Rare Book Monthly

Articles - December - 2006 Issue

Save Time, Increase Profits: Take Control of Your Foreign Affairs

Euro

We might be buying from sellers who have no interest in US dollars, but want to be paid in pounds or euros.


By Renee Magriel Roberts

The Internet has not only pushed bookselling into automation, but also into hypertension-producing foreign markets. It's great having access to all those bookstores in Edinburgh, or the customers from Japan, but every single methodology commonly available to complete foreign transactions appears designed to create headaches and cost us money.

Where booksellers might have once just sold books locally, now we get orders emanating from all sorts of unusual locations -- I once received one that read "Joe Smith, Mauritius, Indian Ocean". We might be buying from sellers who have no interest in US dollars, but want to be paid in L (pounds sterling) or C (euros). If that weren't enough to create anxiety, vendors are anxious to have either checks in their home currencies, or worse still, wire transfers directly into their bank accounts.

In addition to direct sales, we frequently buy books from overseas vendors, or engage in third-party transactions, where we buy from another seller to meet the needs of one of our customers. When either customer or vendor is located overseas, the timing of these transactions can be a killer. How can you be assured that by the time you receive a check from your customer, the exchange rate offered by your bank in a wire transfer will enable you to make any kind of profit? With really thin margins on third-party transactions, you can lose money if the money market goes against you.
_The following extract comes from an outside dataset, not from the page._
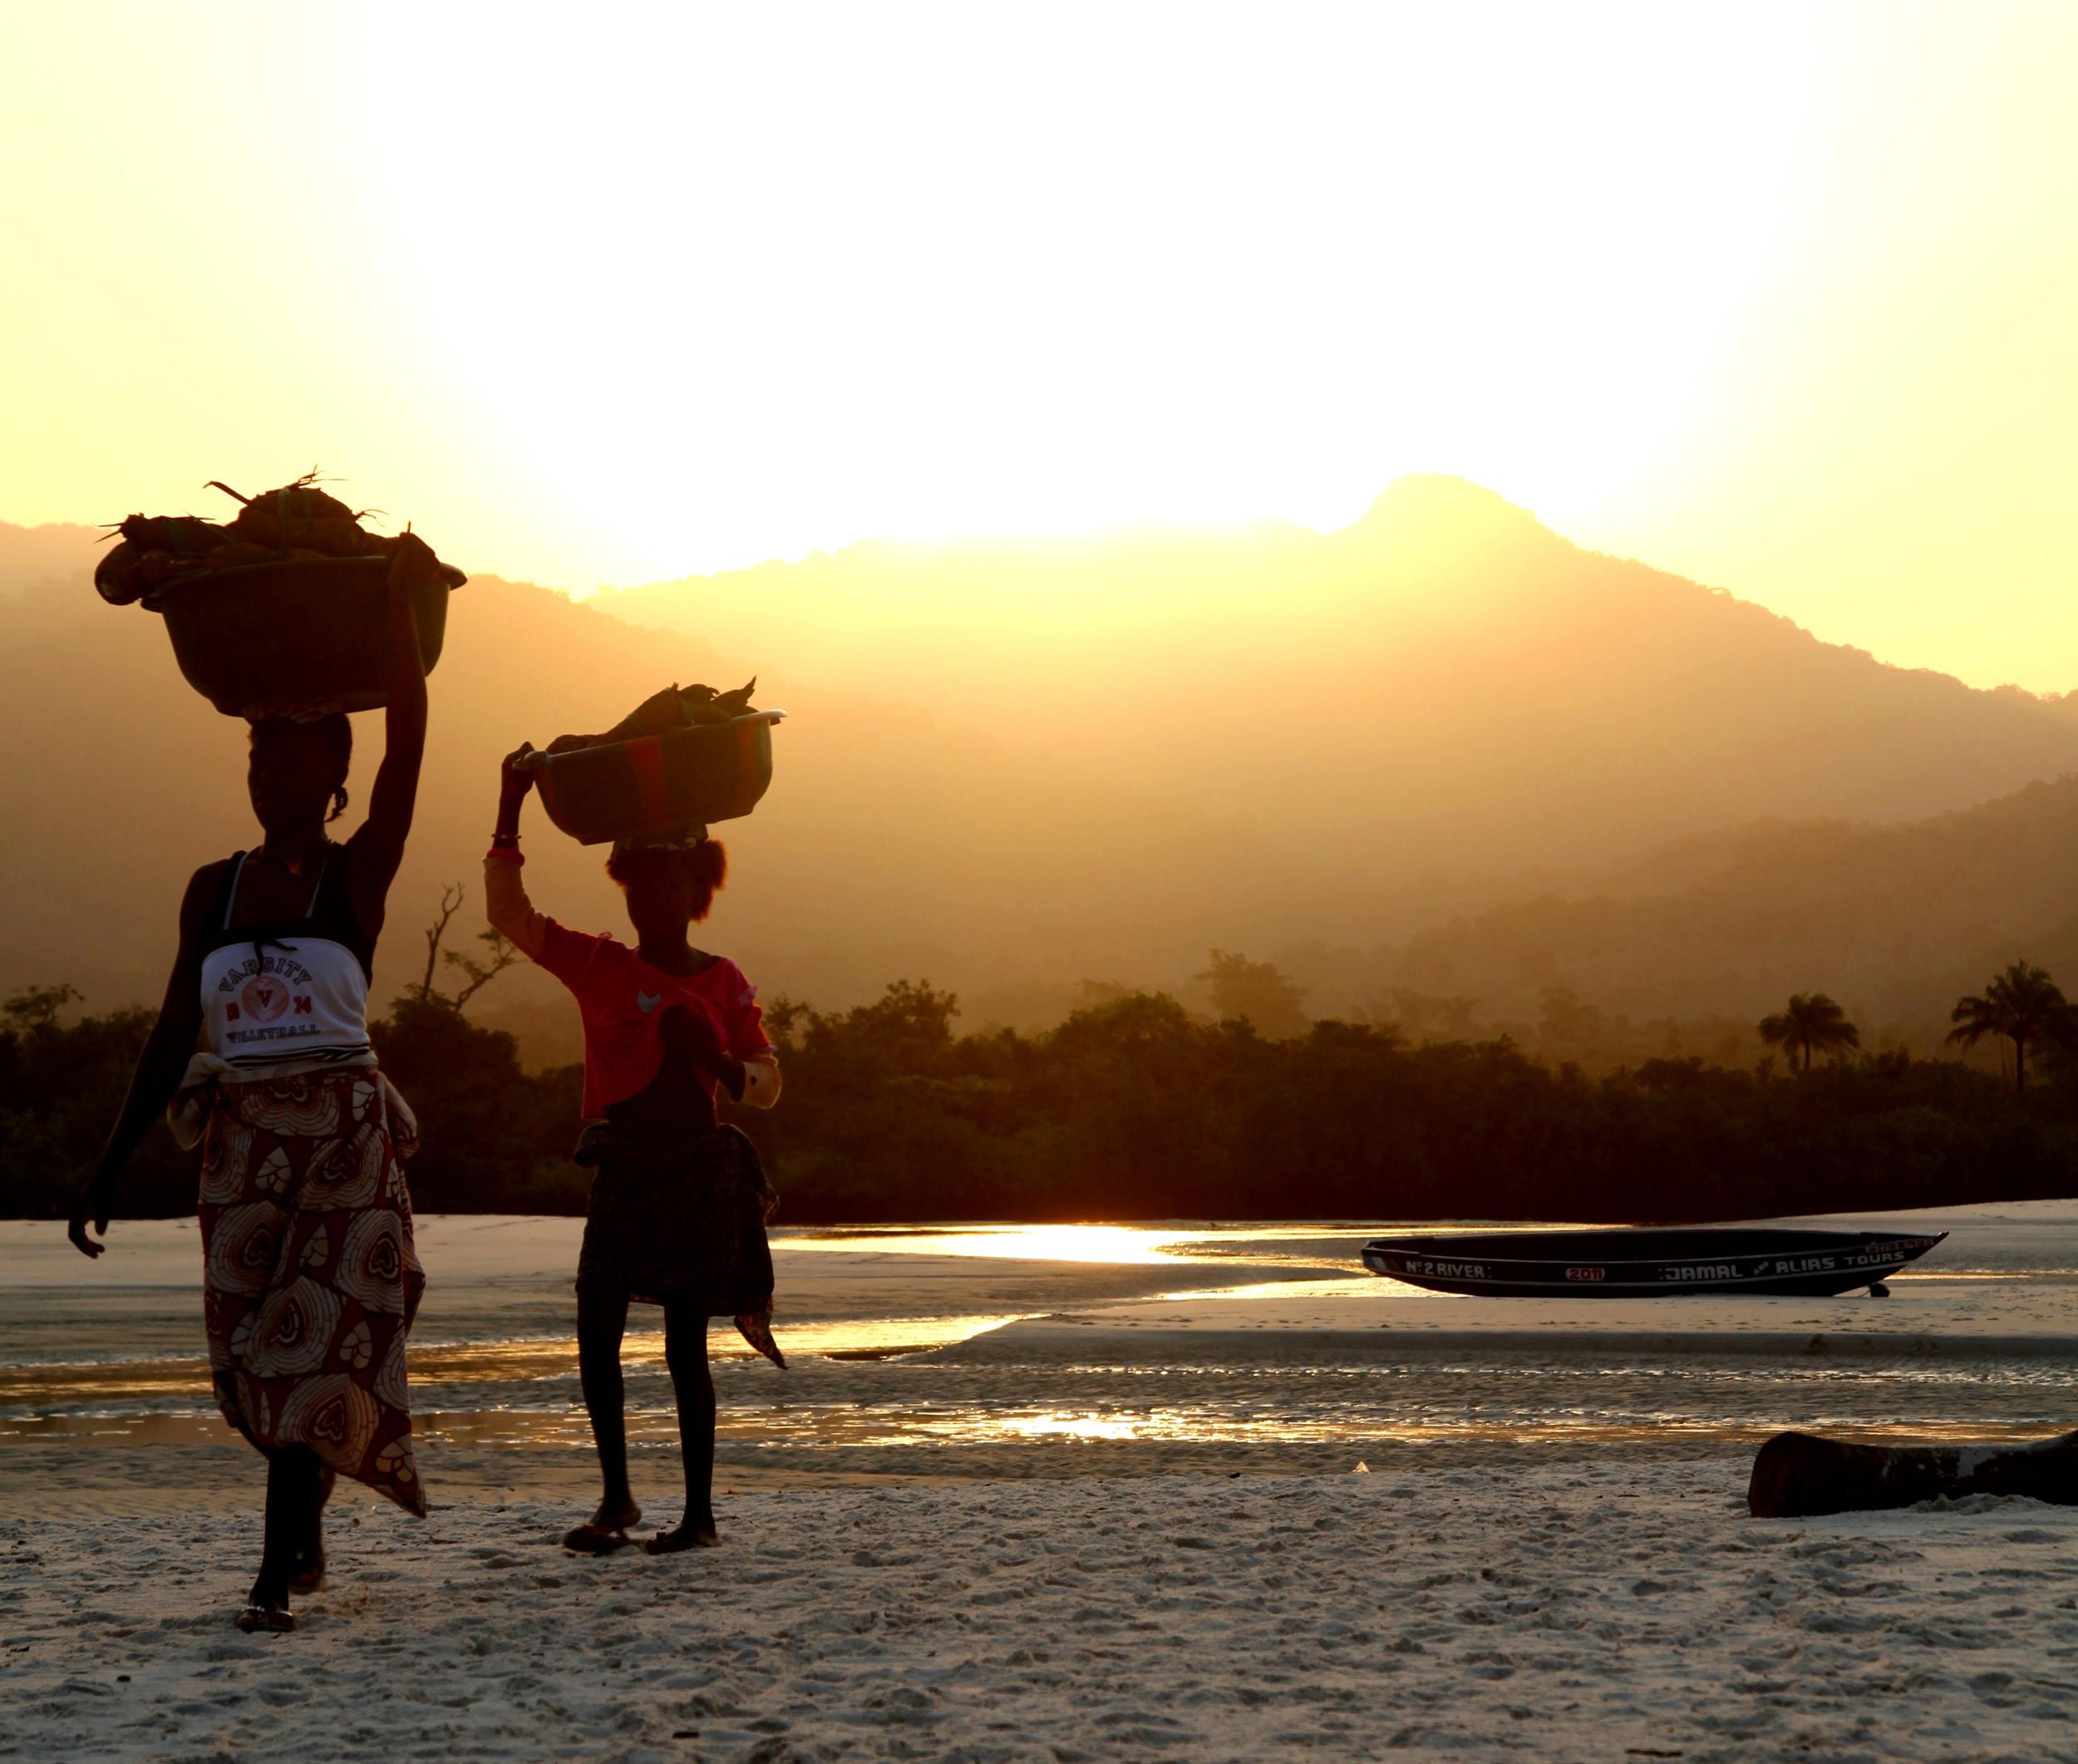 Fostering Education, Public Health & Female Empowerment in Sierra Leone Since 2006

One can always choose to only buy and sell domestically. I can understand this decision, especially when shipping and insuring incoming and outgoing offshore transactions can significantly shave off any profits. You could just roll up the moat and make do with US sales, but that is not a formula for success in a global economy.

When the dollar dips against the pound, for example, we notice a definite upswing in our foreign sales, and conversely, when the dollar rises, it is a better time to buy stock from overseas. If you are going to engage successfully in international trade, you have to be aware of the relative values of different currencies in order to maximize your profits.

If you just use third party sites to handle sales transactions, understand that you are being charged many times for the service they provide: built into the commissions and fees you are paying are hidden fees, such as the use of your money over time and the shaving of profits off the transaction via the exchange rate. To ignore the cost of the currency exchange is to tacitly agree to a continuous tax.